Admins can manage users through the admin panel in the UI:

  • View all users -- See email, role, status, and creation date.
  • Ban / unban users -- Prevent a user from logging in.
  • Promote / demote -- Change a user's app-level role between admin and user.
  • Set password -- Force a password reset. The user will be required to change their password on next login.
  • Approve pending users -- When admin approval is required, approve or reject new signups.

Data directory considerations

Auth mode can only be enabled on a fresh data directory or one that already has auth tables. You cannot enable auth mode on an existing single-user data directory that contains agents -- the startup validation will reject it to prevent orphaned agent data that no user owns.

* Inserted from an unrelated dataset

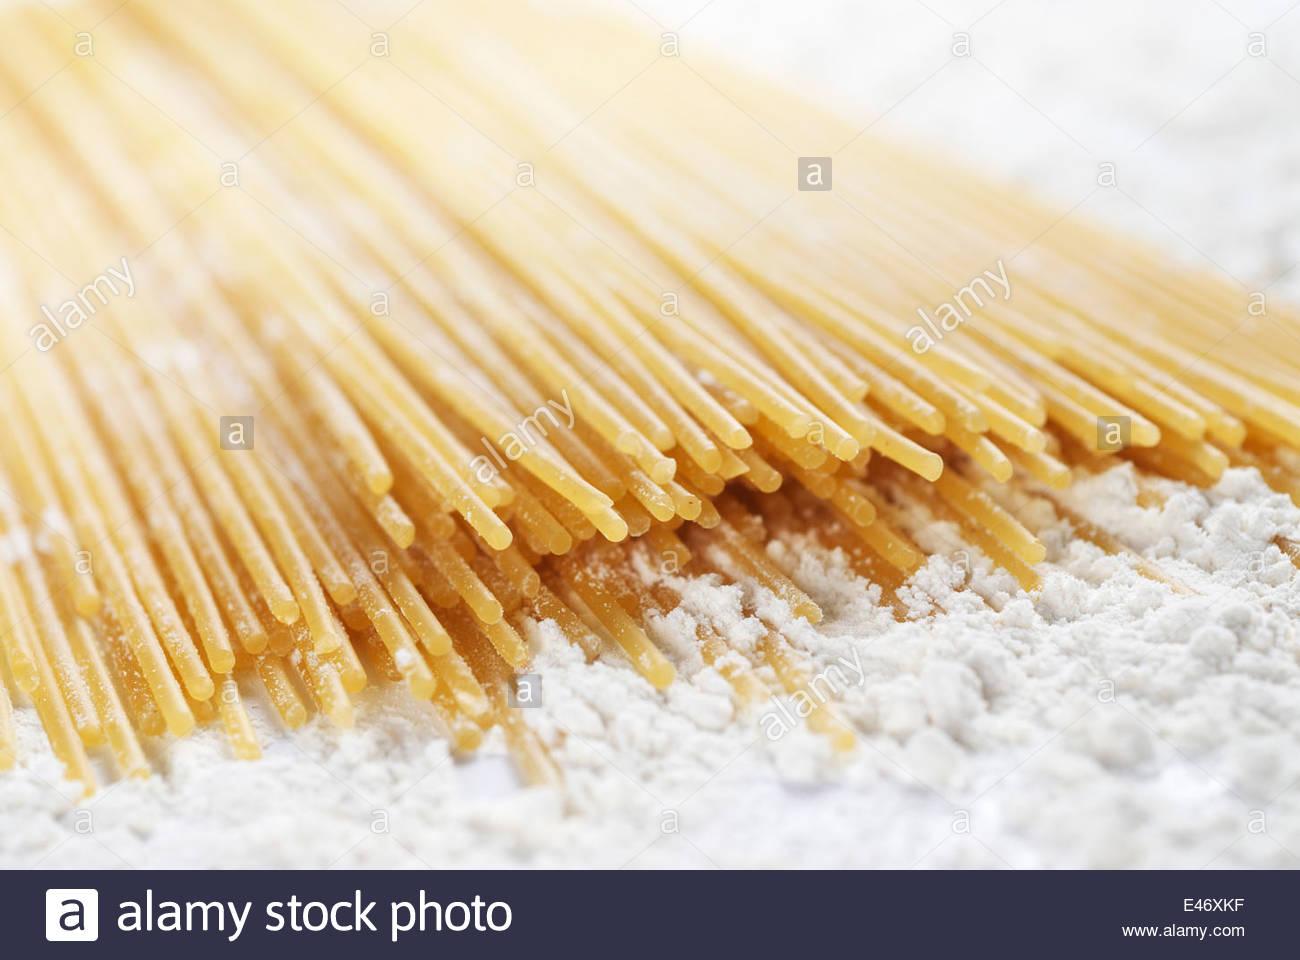 Libre de matières premières pâtes spaghetti avec de la farine Photo Stock

If you are migrating from single-user to auth mode, start with a clean data directory.

Docker Compose example

A complete production-ready docker-compose.yml with auth mode, OIDC, and trusted origins:

services:
  superagent:
    image: ghcr.io/skillfulagents/superagent:main-auth
    restart: unless-stopped
    network_mode: host
    volumes:
      - /var/run/docker.sock:/var/run/docker.sock
      - /data/superagent:/data/superagent
    environment:
      - SUPERAGENT_DATA_DIR=/data/superagent
      - ANTHROPIC_API_KEY=${ANTHROPIC_API_KEY}
      - PORT=47891
      - AUTH_MODE=true
      - BETTER_AUTH_SECRET=${BETTER_AUTH_SECRET}
      - TRUSTED_ORIGINS=https://superagent.example.com
      - AUTH_PROVIDERS_JSON=${AUTH_PROVIDERS_JSON:-}

Limitations

  • Auth mode is web/Docker only. The Electron desktop app does not support auth mode. If AUTH_MODE=true is set in an Electron environment, it is ignored with a warning.
  • OIDC providers are configured at deployment time. Provider credentials are passed through environment variables, not through the admin UI. This keeps secrets out of the application database.